PURPOSE: Phase I trial to study the effectiveness of radiolabeled monoclonal antibody followed by peripheral stem cell transplantation in treating patients who have relapsed or metastatic breast cancer.


Condition Intervention Phase
Breast Cancer
Biological: filgrastim
Procedure: peripheral blood stem cell transplantation
Radiation: yttrium Y 90 monoclonal antibody B3
Phase 1

Study Type: Interventional
Study Design: Primary Purpose: Treatment
Official Title: Phase I Study Of Yttrium 90-Labeled Monoclonal Antibody B3 With Autologous Stem Cell Support For Metastatic Breast Cancer

Resource links provided by NLM:


Further study details as provided by National Cancer Institute (NCI):

Study Start Date: February 2001
Detailed Description:

OBJECTIVES:

  • Determine the maximum tolerated dose of yttrium Y 90 monoclonal antibody B3 followed by autologous peripheral blood stem cell transplantation in patients with relapsed or metastatic breast cancer.
  • Determine the toxicity of this treatment regimen in these patients.
  • Determine the clinical response in patients treated with this regimen.

OUTLINE: This is a dose-escalation study of yttrium Y 90 monoclonal antibody B3 (Y90 MOAB B3).

Patients receive filgrastim (G-CSF) subcutaneously (SC) daily beginning 4 days prior to peripheral blood stem cell (PBSC) collection and continuing until the target number of cells is reached.

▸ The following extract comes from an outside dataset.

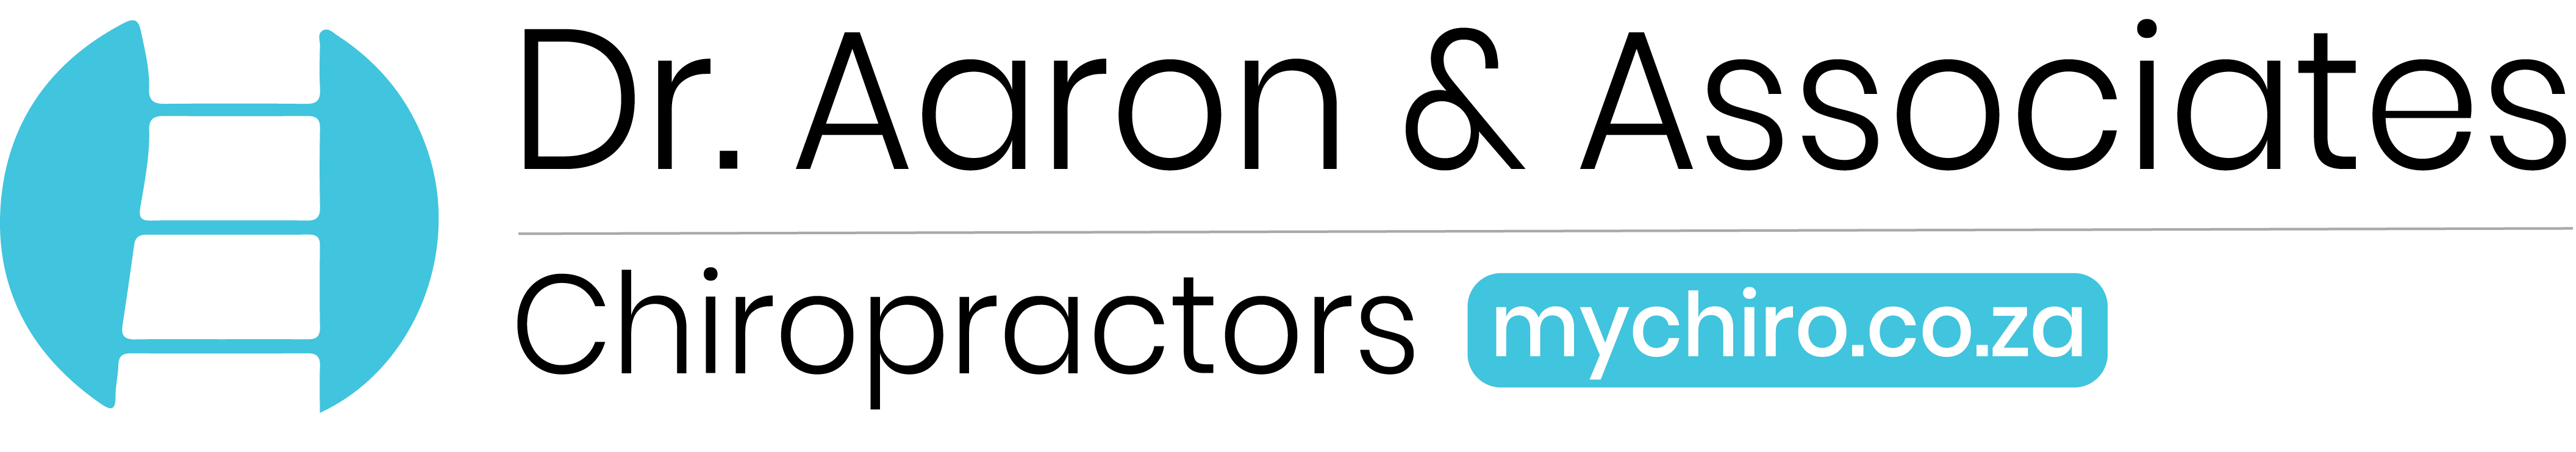 Dr. Aaron and Associates New descriptive and Informative Logo.

After PBSC collection, patients receive indium In 111 monoclonal antibody B3 IV over 30-60 minutes once within days -7 to -1 for tumor imaging and then Y90 MOAB B3 IV over 30-60 minutes on day 0. After at least day 7, patients undergo autologous PBSC reinfusion. Patients receive G-CSF SC daily beginning 7 days after PBSC reinfusion and continuing until blood counts recover.

Cohorts of 3-6 patients receive escalating doses of Y90 MOAB B3 until the maximum tolerated dose (MTD) is determined. The MTD is defined as the dose preceding that at which 2 of 3 or 2 of 6 patients experience dose-limiting toxicity.

Patients are followed at 1 week, 1 month, and then every 2 months thereafter.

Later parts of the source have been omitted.